The behavioral analysis offered by Steve Hallett is important to understand first. Analytically, there is also the simple economical fact of diminishing returns from successive investments in energy efficiency, so it is an absolute dead-end from an investment point as well. This fact becomes really problematic very quickly because you tend to make different decisions about efficiency in the two columns, although some will be shared between the two. The end result is that you need to decide first things first, and that means a make or buy decision between carbon energy or renewable energy. Economically, this is a make or buy decision, since renewable energy moves energy from liability to asset, and it is capital-intensive up front. In more cases than people think however, 30 years of free energy beats “investments” in energy that offer a 10-25% reduction of your bills.

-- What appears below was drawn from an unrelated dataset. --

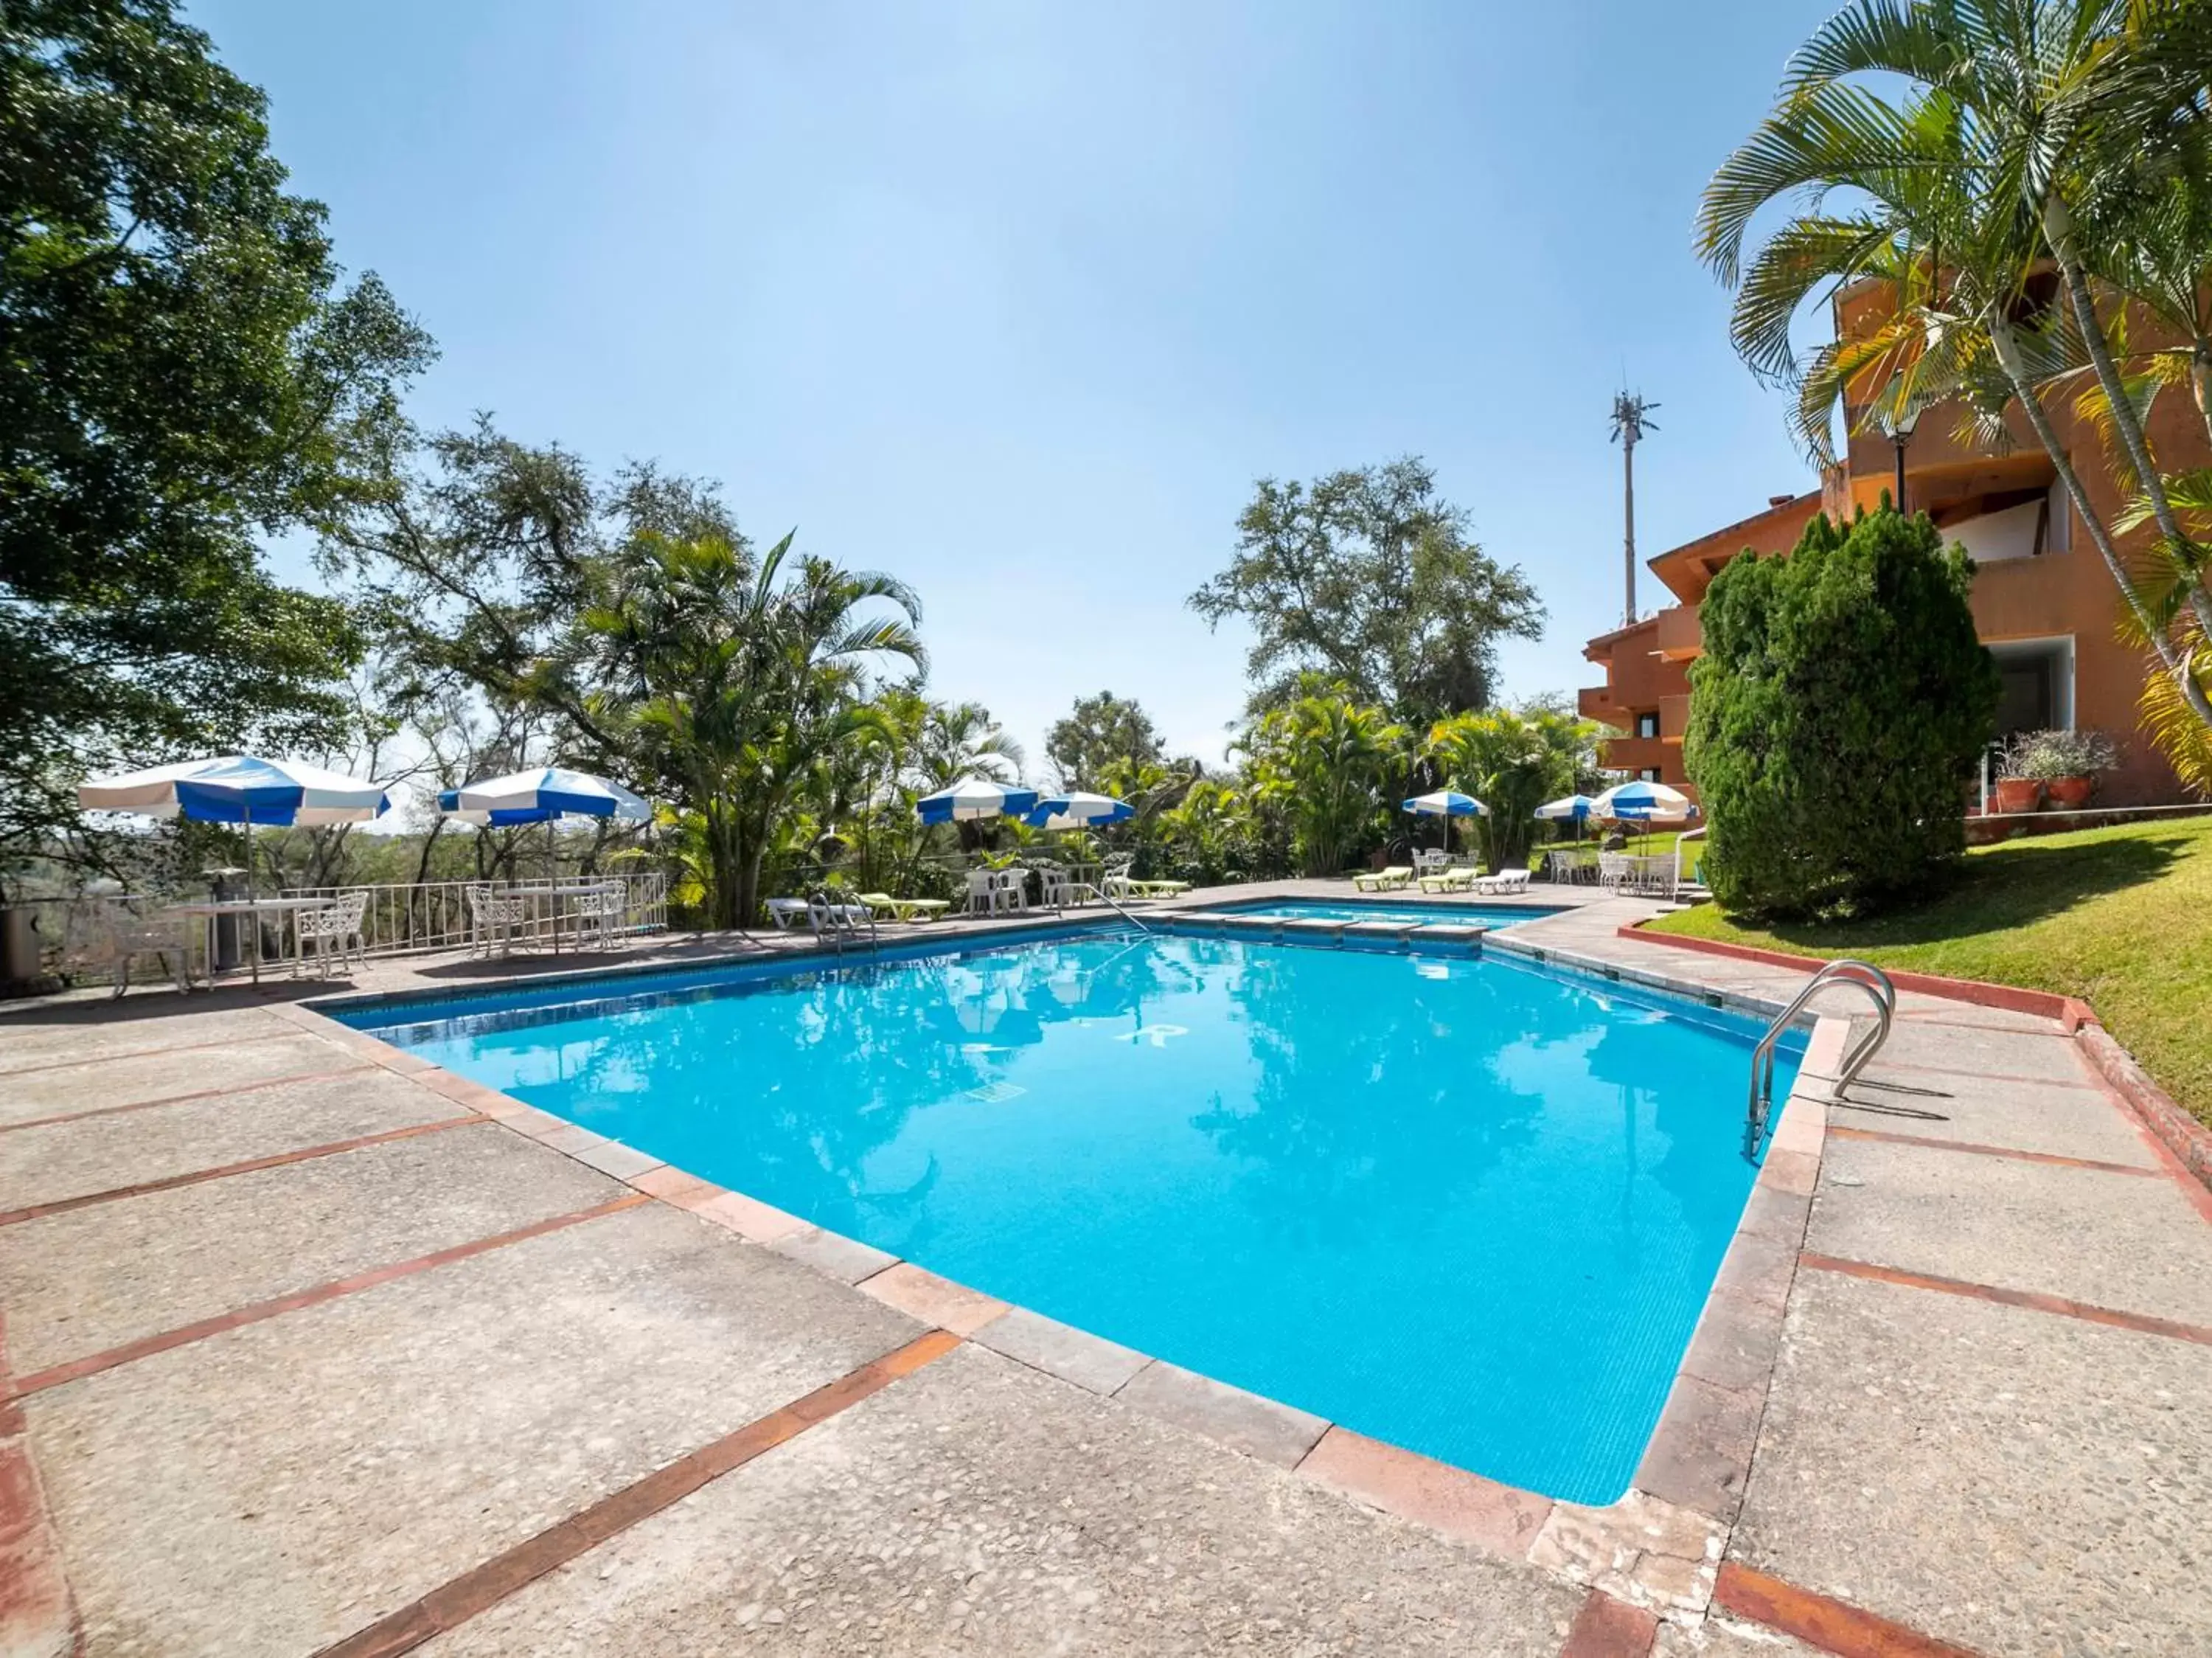 Swimming Pool in Hotel La Rinconada Santa Fe

Not only does energy efficiency come with diminishing returns, renewable energy offers potential for valuable engineering synergies, and therefore compound returns. The example in a typical apartment building is the geothermal DHW system I discussed in my last post. A smart replacement strategy would be to provide the hot water in such a building with a geothermal system, probably with a natural gas second stage heat. You are giving the boiler another few years of useful life, but when it goes you can then switch to a solar thermal system, which can replace that gas backup heat for the hot water, and provide HVAC for the whole building as well. In the interim, when the time is right you could generate your electrical requirements in part or in whole from either a building mounted wind turbine or from solar PV (that could be via a hybrid thermal/PV system), and then your geothermal pre-heat could act as your own energy storage, giving you higher returns than selling back to the grid.
With the big oil price shocks going back to the 1970′s, the logic was developed that said a dollar invested in reducing demand for energy had higher returns than increasing supply. Later, when global warming and GHG-reductions became an increasingly important issue, the carbon energy industry latched on to the idea that energy efficiency theoretically also would reduce GHG-emissions. Not only is this not true because of the effects of the efficiency trap and the financial fact of diminishing returns on investment, It also provides a very short-sighted strategy whereby carbon energy competes with renewable energy, so we continue to make the wrong decisions.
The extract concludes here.